A claim worth taking seriously: a long-running autonomous agent loop will hit local minima fast, and a sparse human ping is enough to escape. This page tests that claim against the 40 Yad-typed prompts logged in the schmidhuber-problems orchestrator session.

Important framing. The orchestrator’s JSONL contains 192 records of type=user, but only 40 are prompts Yad actually typed. The other 152 are worker sessions reporting back to the orchestrator (their idle/summary messages route through SendMessage and surface in the lead’s transcript as type=user records), plus 6 slash commands, 2 skill-loader outputs, and 2 redacted entries.

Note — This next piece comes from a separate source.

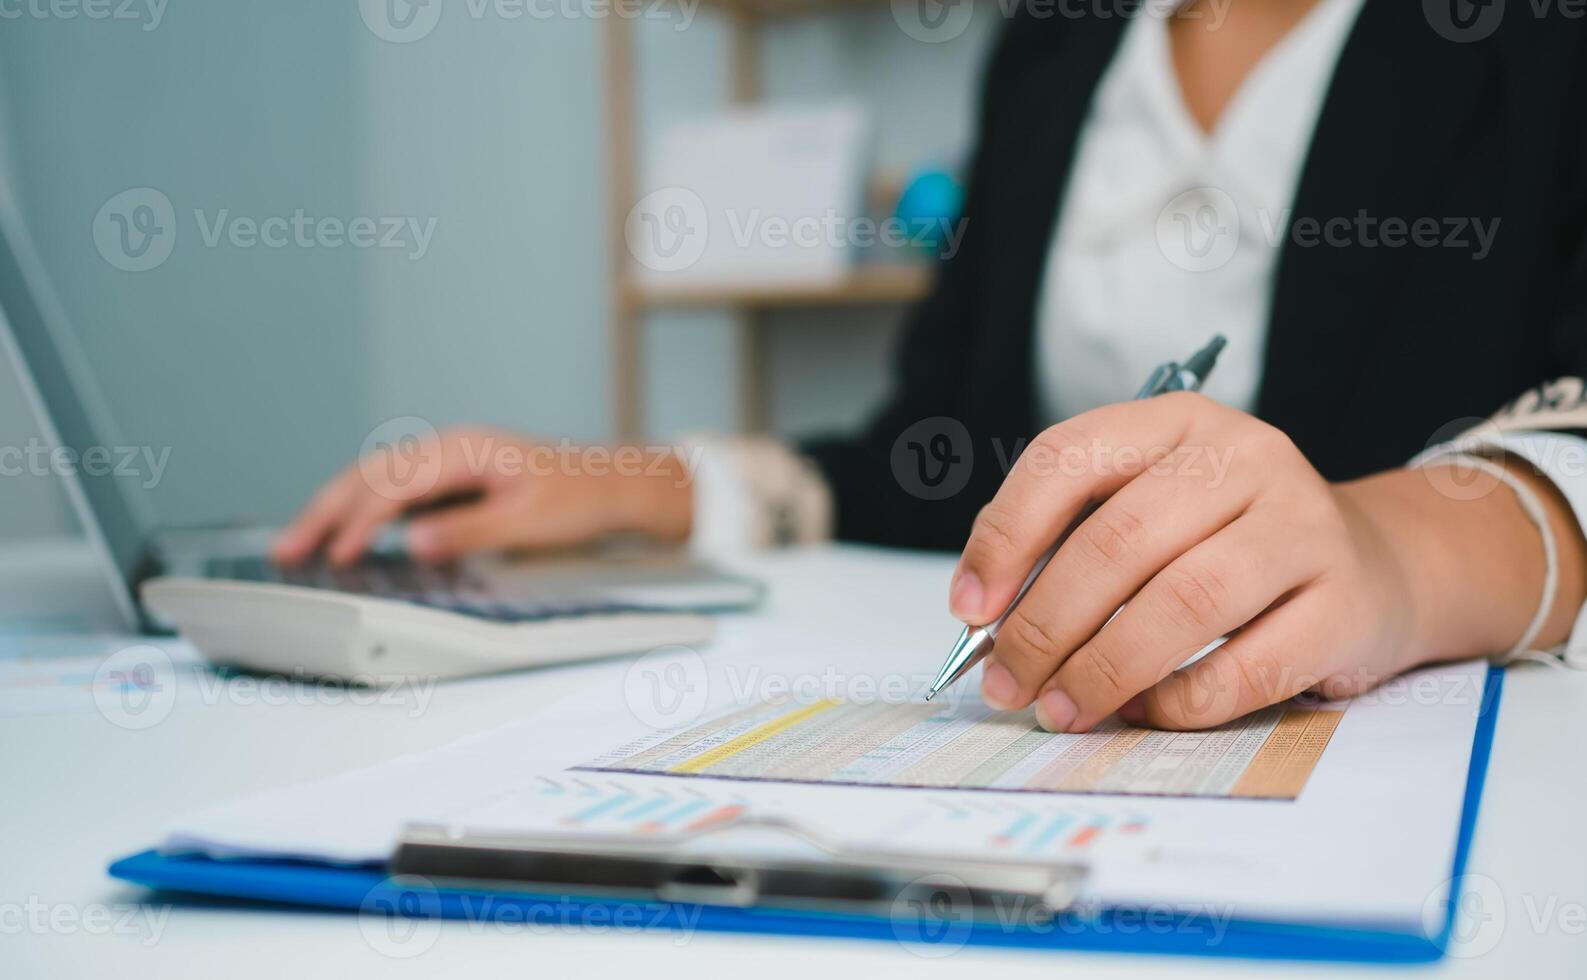 Business woman people use computers and paper documents to analyze business and manage corporate information. Business analysis with charts, indicators, and KPIs to improve organizational performance. photo

Every number below uses the 40-prompt count.

The numbers

Yad-typed prompts to the orchestrator: 40
Orchestrator assistant turns: 1,026
Turns per Yad prompt (orchestrator): 1,026 / 40 ≈ 25.7
Active wall-clock: ~21 hours of attention spread across 41 hours (two ~10-hour overnight idle gaps)

If every Yad prompt was load-bearing, this would be a high human-attention build. It wasn’t. Most were 1-line nudges. A small minority did the load-bearing work.

Three classes of hop

Classified manually from the orchestrator’s full hop list. (Worker-side hops are mostly templated <teammate-message> envelopes — see Worker prompt anatomy.)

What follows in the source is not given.